ESPN’s coverage of the 2010 FIFA World Cup was an unquestionable hit among U.S. viewers, averaging 3.261 million viewers per match on ESPN, ESPN2, and ABC and finishing as the most-viewed World Cup on English-language TV ever. However, when out-of-home TV viewing and use of other platforms are included, the average consumption skyrockets to 4.7 million, according to a new report from ESPN’s new research initiative, ESPN XP.

Factoring in Out-of-Home, Non-TV Viewers
The report states that out-of-home viewing and use of non-TV platforms added 46% to the daily World Cup average TV audience. Out-of-home TV viewing would lift TV ratings by 14%, and use of non-TV platforms would have added another 32%. ABC’s coverage of the Netherlands-Spain final attracted an average audience of 15.5 million viewers, making it the most-watched Men’s World Cup telecast ever. That number jumps to 18.1 million when a 17% boost from out-of-home/non-TV viewers is factored in.

ESPN estimates that 55% of all Americans, or 160.5 million total viewers, consumed World Cup content across ESPN platforms (TV, radio, Internet, mobile, magazine).

When broken down by platform, 90% of users watched ESPN content on TV, 27% used the Internet, 11% listened to radio, 6% used mobile, and 2% read ESPN the Magazine.

Males, Young Viewers Stray To Multiple Platforms
On the average day, 26% of consumers who watched World Cup content on ESPN were multiplatform consumers (TV and some other platform). Although these consumers accounted for 26% of total users, they represented 47% of the total use of World Cup content.

This group was also made up of heavier users, spending an average 3 hours 29 minutes consuming World Cup content and 2 hours 24 minutes of that watching on TV, compared with 1 hour 24 minutes for the TV-only viewer.

Multiplatform consumers were more likely to be younger and male. About 30% of males and 35% of people 21-34 were multiplatform users (vs. 26% of users on average). Among the oldest group (persons 50-64), just 14% were multiplatform consumers.

Trends Across the Country
World Cup consumers showed different patterns of use across the country.
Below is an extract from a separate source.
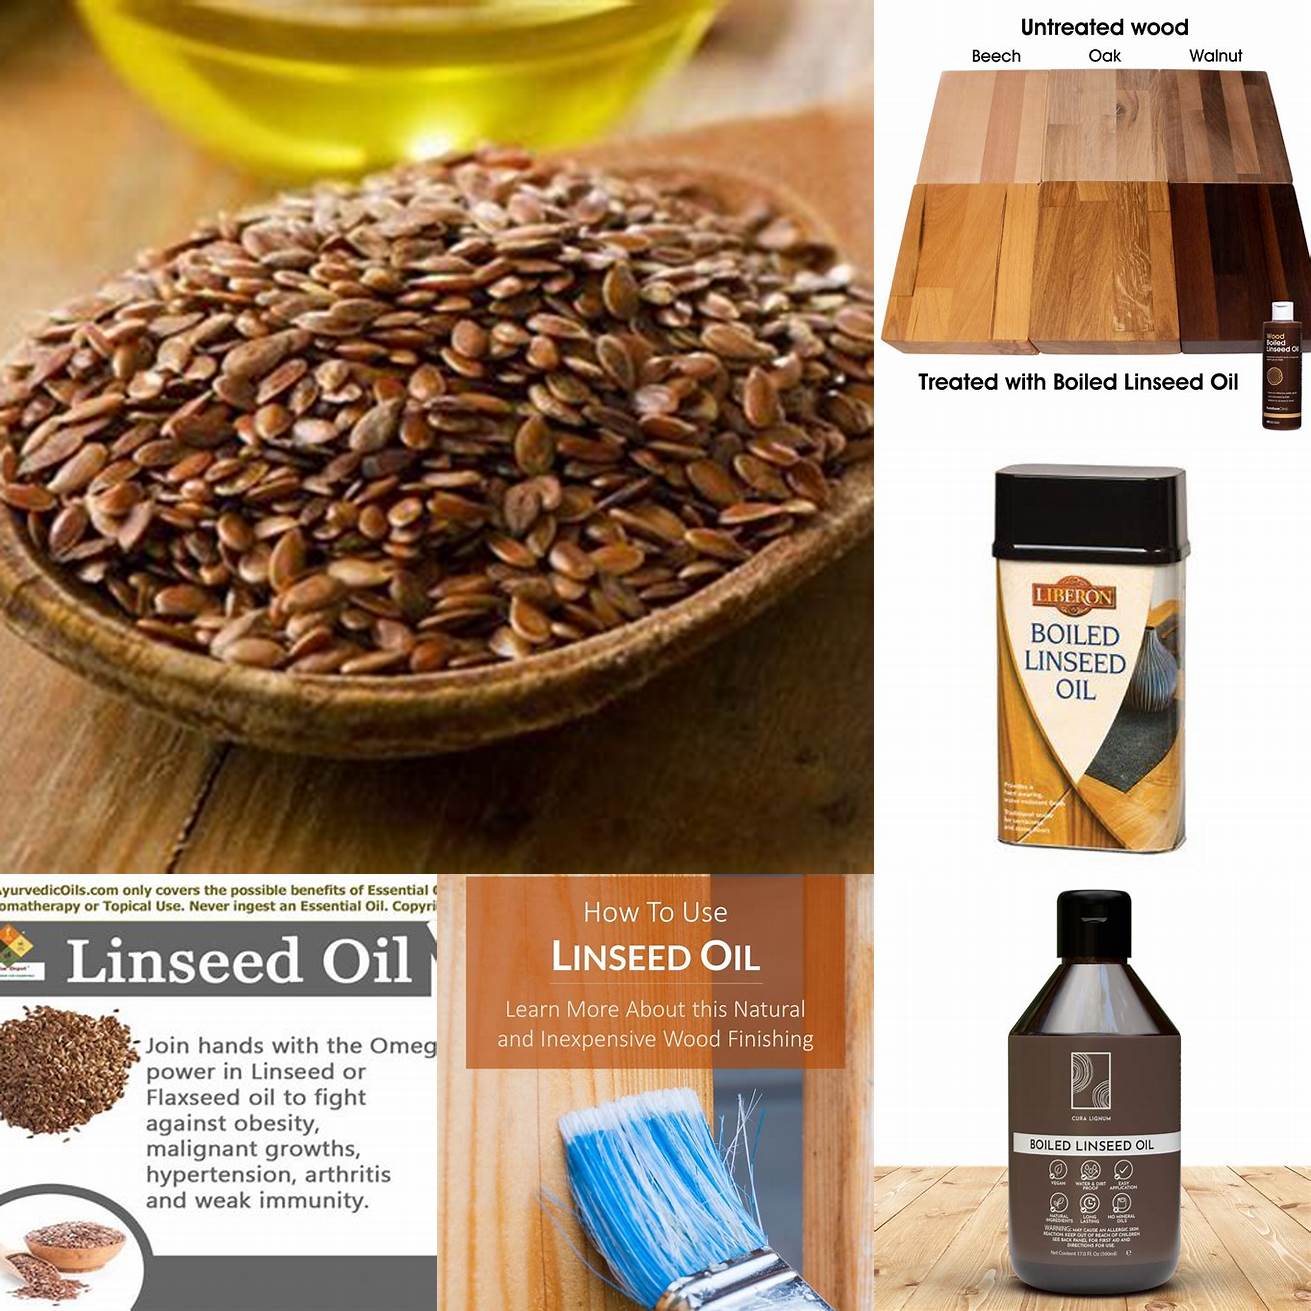 Linseed Oil Benefits

The markets logging the highest ratings were Miami, New York, Washington, San Diego, and San Francisco

West Coast TV viewers had nearly twice as much time-shifted viewing as those on the East Coast (12.5% vs. 6.4%). However, East Coast viewers were more likely to watch TV in out-of-home locations than West Coast viewers. This viewing would lift TV ratings by 11.6% on the West Coast but 16.6% on the East Coast.

Much of this is a result of the fact that East Coast viewers were at work when two of the three weekday matches were played and sought out-of-home alternatives, while West Coast viewers weren’t up when the matches started and had to time-shift them.

In addition, ESPN World Cup consumers on the West Coast were more likely to use non-TV platforms. Use of these media during dayparts when matches were aired would add 42% to the average audience on the West Coast and 29% on the East Coast.

Out-of-Home Numbers
Each platform had a different pattern of out-of-home usage. Radio had the greatest proportion of out-of-home usage, accounting for more than half (54%) of radio listening. More than a quarter of Internet and mobile usage was out-of-home. The platforms with the biggest percent of in-home usage were TV (88%) and magazine (81%).

As a whole, 41% of ESPN World Cup out-of-home consumption was done at work, 18% in a bar or restaurant, 17% in a car, and 24% in other locations. Internet out-of-home consumption strongly favored usage at work (72%).

Although about the same proportion of Internet and mobile consumption was out-of-home, the locations of mobile use were different: 47% was done at work, and 29% was done in a bar, restaurant, or car, and just 9% on the Internet.

What is ESPN XP?
The 2010 FIFA World Cup marked the first outing for ESPN XP, a research initiative to study consumer behavior around major sporting events. The research collective, which comprises 15 companies as well as the Wharton Interactive Media Initiative, attempts to measure media usage and advertiser effects across all media platforms: TV, radio, Internet, mobile, and print. Data from ESPN XP’s 15 data suppliers continues to be gathered and analyzed for a final report to be presented this fall.